Wenn kommenden Sonntag Bundestagswahlen wären, würde die AfD laut Umfragen auf 20 Prozent der Stimmen kommen. Die Mehrheit dieser Stimmen kommt von Männern (Immerzeel u. a. 2015), weshalb die Wissenschaft rechte Parteien als »Männerparteien« bezeichnet (Amesberger/Halbmayr 2002, 347ff). Aber wie genau sprechen die AfD und andere rechte Parteien und Organisationen explizit Männer oder besser: spezifische Männergruppen an? Die autoritäre Rechte – ich halte diese Bezeichnung für treffender als populistische Rechte, weil es den Akteur*innen um einen autoritären Gesellschaftsentwurf geht und sie gezielt ein autoritäres Begehren aufrufen und mobilisieren – greift damit widersprüchliche Entwicklungen der vergangenen 30 Jahre auf. In einer neuen Konjunktur, einer neuartigen Konstellation dieser Entwicklungen, gelingt es ihnen, eine konsistente und verbindende Erzählung zu entwickeln (vgl. Hall 1987, 16ff; Clarke in diesem Heft). Die autoritäre Rechte schließt dabei an verschiedene durch den Neoliberalismus hervorgebrachte Affekte der Verunsicherung an. Auf diese Weise versucht sie, über die emotional aufgeladenen Themen Geschlecht und Sexualität kulturelle Hegemonie zu erlangen.

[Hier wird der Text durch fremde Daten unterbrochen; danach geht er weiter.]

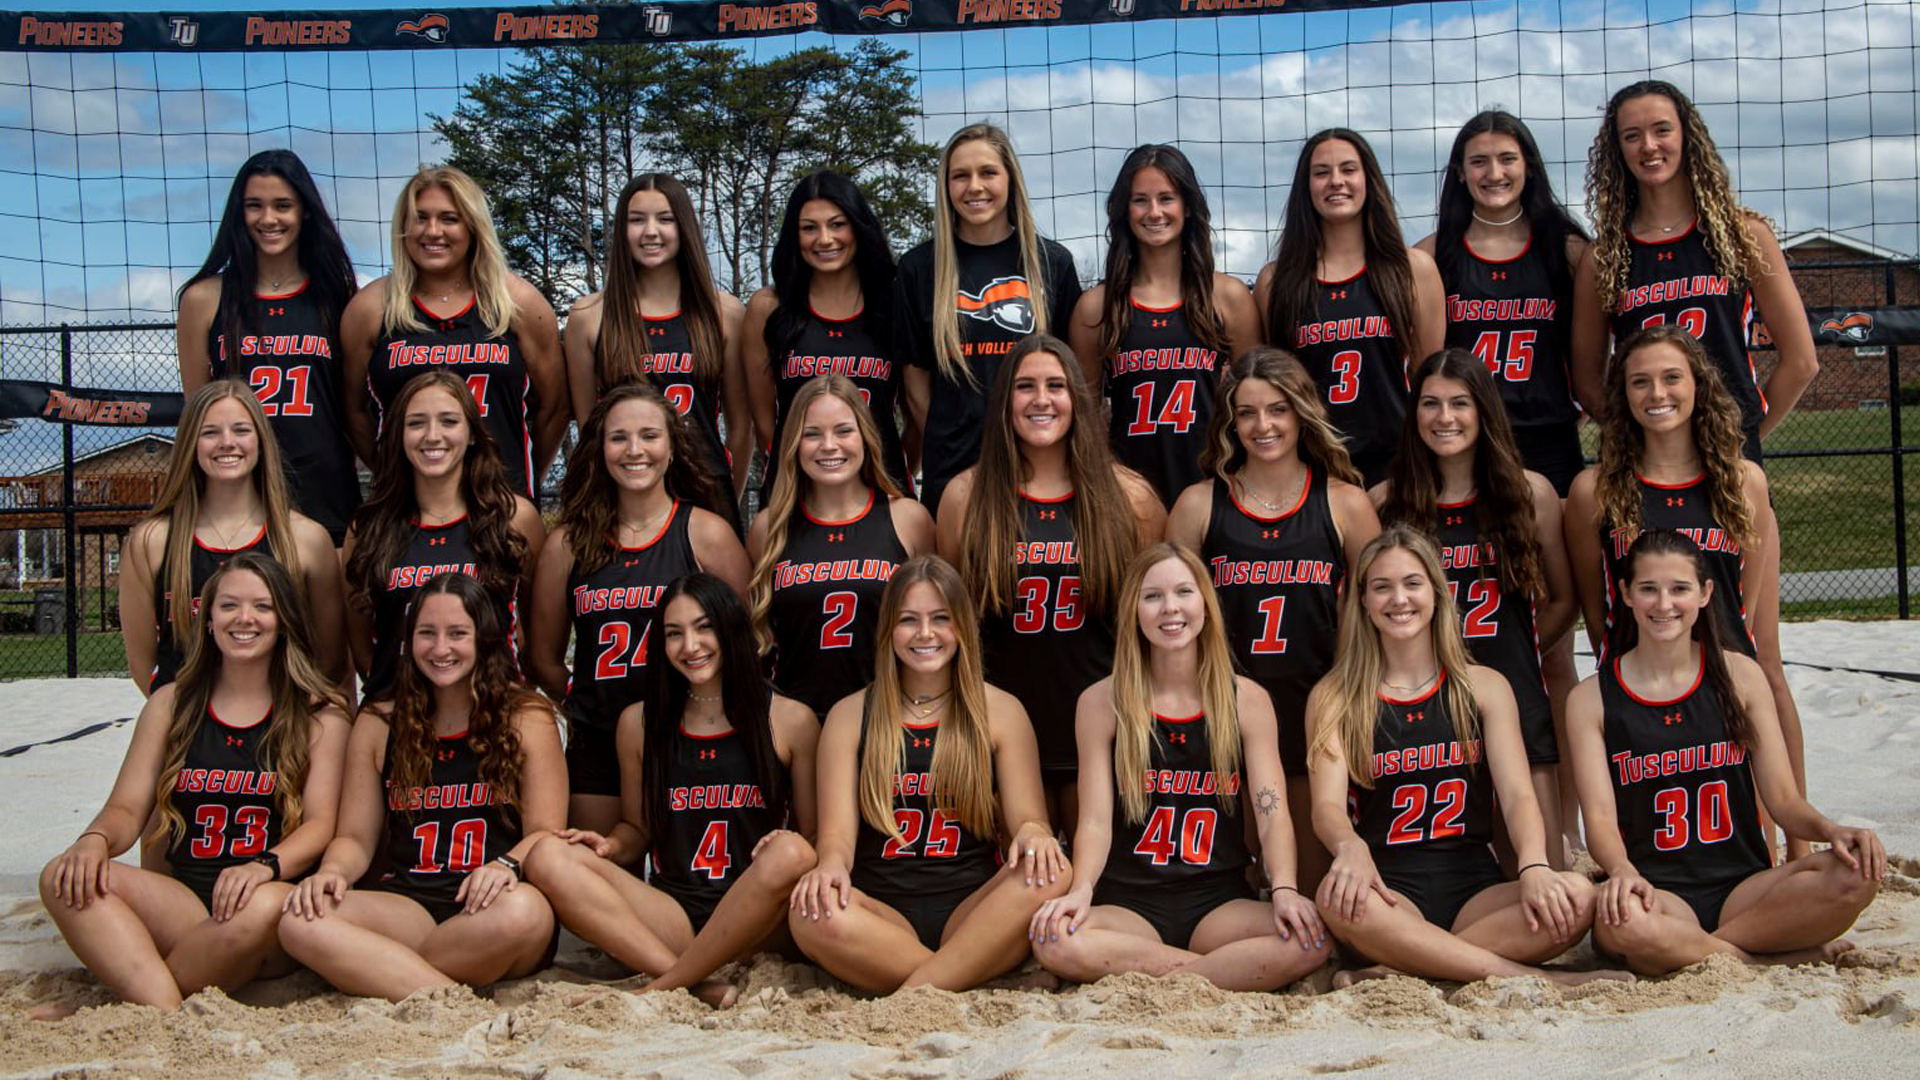 Record-setting season ends with AVCA Bronze Playoff title

Neoliberale Umbrüche und die »Krise der Autorität«
Diese Entwicklungen sind durch multiple Krisen charakterisiert. Der neoliberale Umbau europäischer Gesellschaften hat nicht nur zur Dominanz von Marktkräften in allen gesellschaftlichen Bereichen geführt, sondern auch zum Abbau sozialstaatlicher Leistungen, zur Deregulierung von Arbeitsverhältnissen und zu Lohnminderungen für Arbeitende, zur Finanzialisierung ihres Alltags und zu ihrer zunehmenden Disziplinierung durch Verschuldung (Demirović/Sablowski 2011). Außerdem beruht die neoliberale Globalisierung auf einer immer weiteren Ausbeutung von Umweltressourcen.
Vor allem aber implizierte die neoliberale Akkumulationsweise in den westlich kapitalistischen Ländern die Inwertsetzung von Frauenarbeit: Frauen sollten nicht mehr nur Hausfrauen sein, sondern wurden als Erwerbstätige angerufen, so beispielsweise in der Lissabon-Strategie der EU. Dadurch konnte der Familienlohn reduziert und zugleich ein Niedriglohnbereich mit vornehmlich weiblichen Beschäftigten geschaffen werden. Allerdings war die Integration von Frauen in Erwerbsarbeit nicht ohne weitere Gleichstellungsmaßnahmen möglich, die Frauen schließlich nicht nur im Arbeitsleben, sondern auch in der medialen und politischen Öffentlichkeit sichtbarer machten. Die Institution des männlichen Familienernährers erodierte in dem Maße, wie Frauen in der Lage waren, selbstständig einen Haushalt zu führen.